R has proven to be a very worthwhile skill to learn. While I consider myself to be a fairly experienced Python programmer, R has proven a lot more valuable especially when it comes to making good basic, attractive maps in SVG files. Simply said, R defaults with ggplot just make sense and are attractive. The pipe mechanism in R based around maggitir is fantastic for complicated data wrangling in a single line of code. Pipes are a wonderful thing in Unix and they make a lot of sense for processing data.
R is a werid language to get the hang of at first. It’s not necessarily bad – it’s actually pretty awesome for manipulating data with pipes.
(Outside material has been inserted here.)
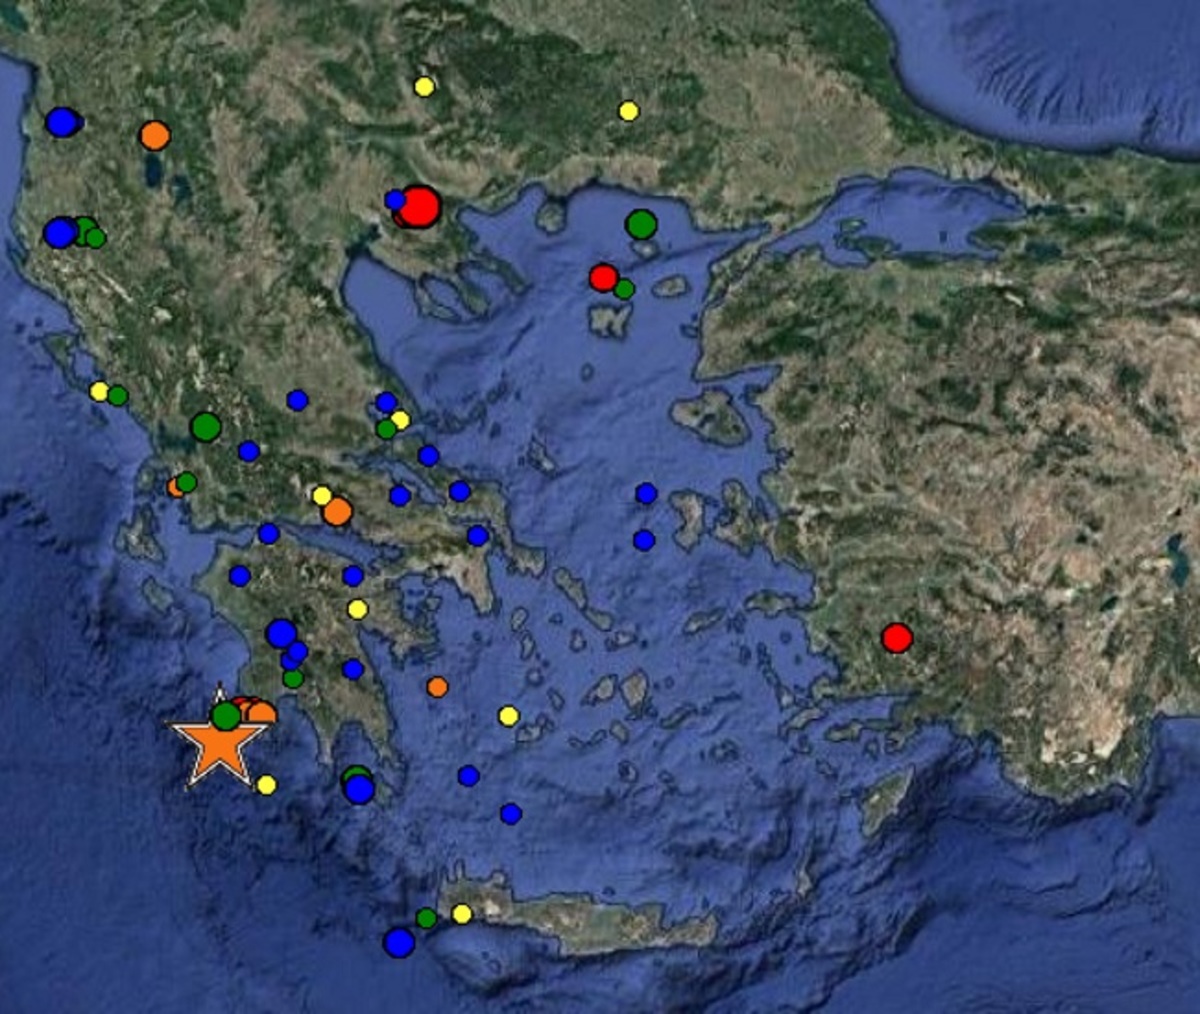 Σεισμοί στη Θεσσαλονίκη - Οι εκτιμήσεις των σεισμολόγων μετά τα 4,2 Ρίχτερ [vids]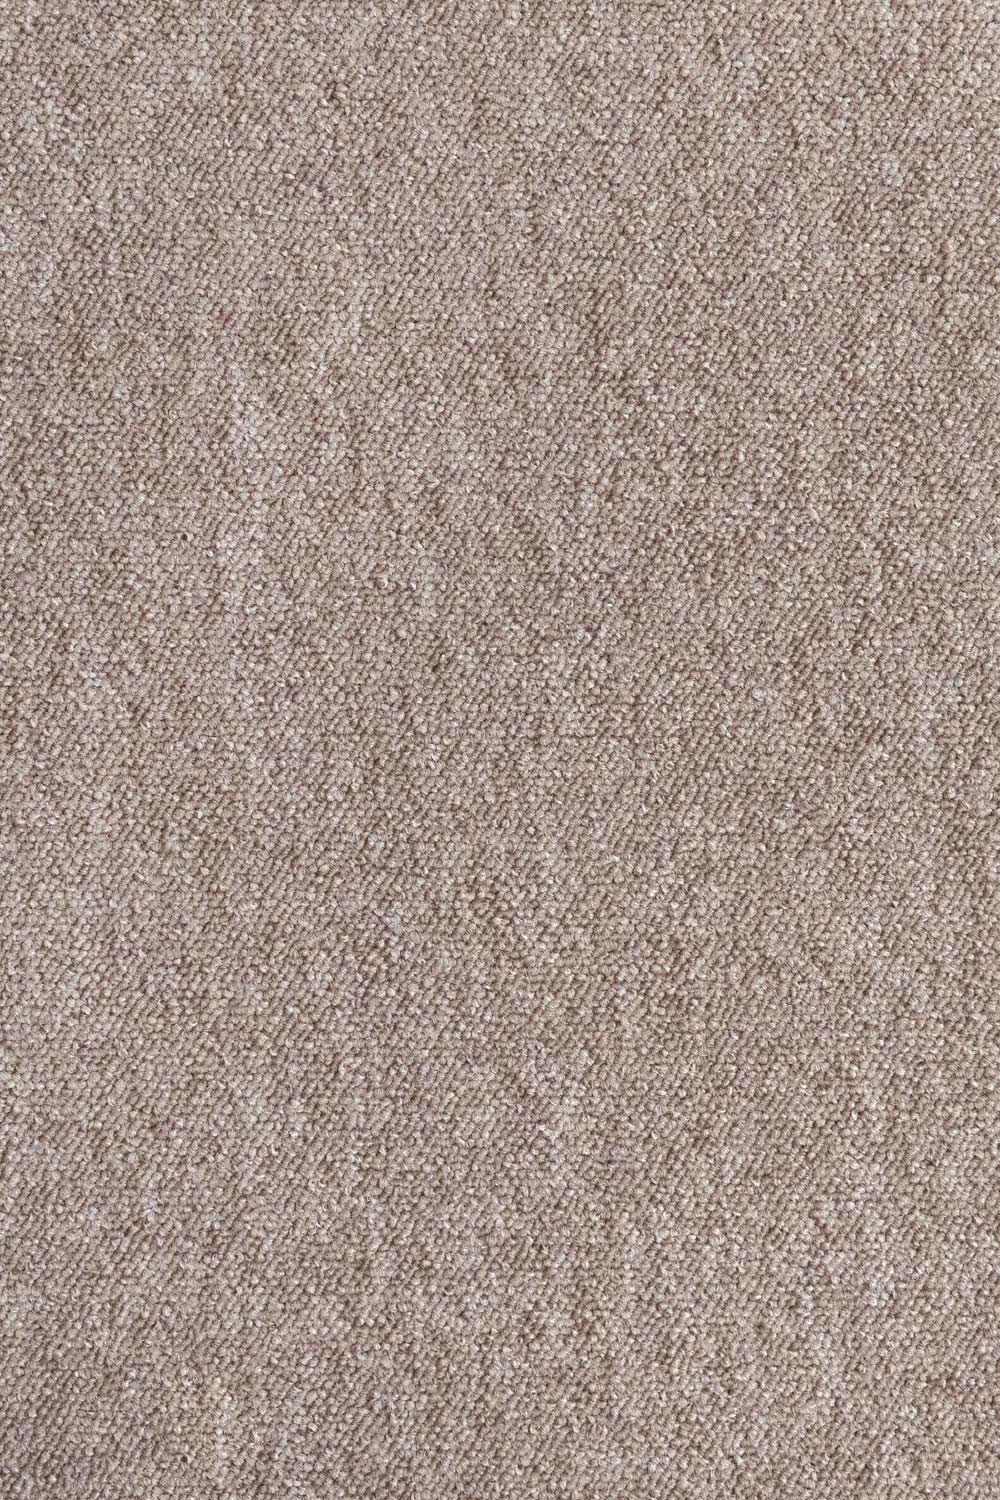 Metrážový koberec Lyon Solid 70 400 cm

But it is different with strange operators and syntax, based around 1 indexing rather than 0 indexing of most C derived languages like Python. But I’ve really gotten the hang of it by doing a lot of reading and watching videos on R and just digging through the commands, reading help files and even the raw R code on objects.
R really excels with automating GIS processes and being a one stop shop from extract, transform, load to render. Interestingly, outside of academia it seems like R doesn’t get the credit it deserves – especially with Census data and tidycensus its a one stop shop from obtaining data to manipulating it to rendering it on a map, often with just a single pipeline of code. It’s pretty neat.
I’m glad I taught myself R and it’s a technology I will probably continue to use daily for exploring my world.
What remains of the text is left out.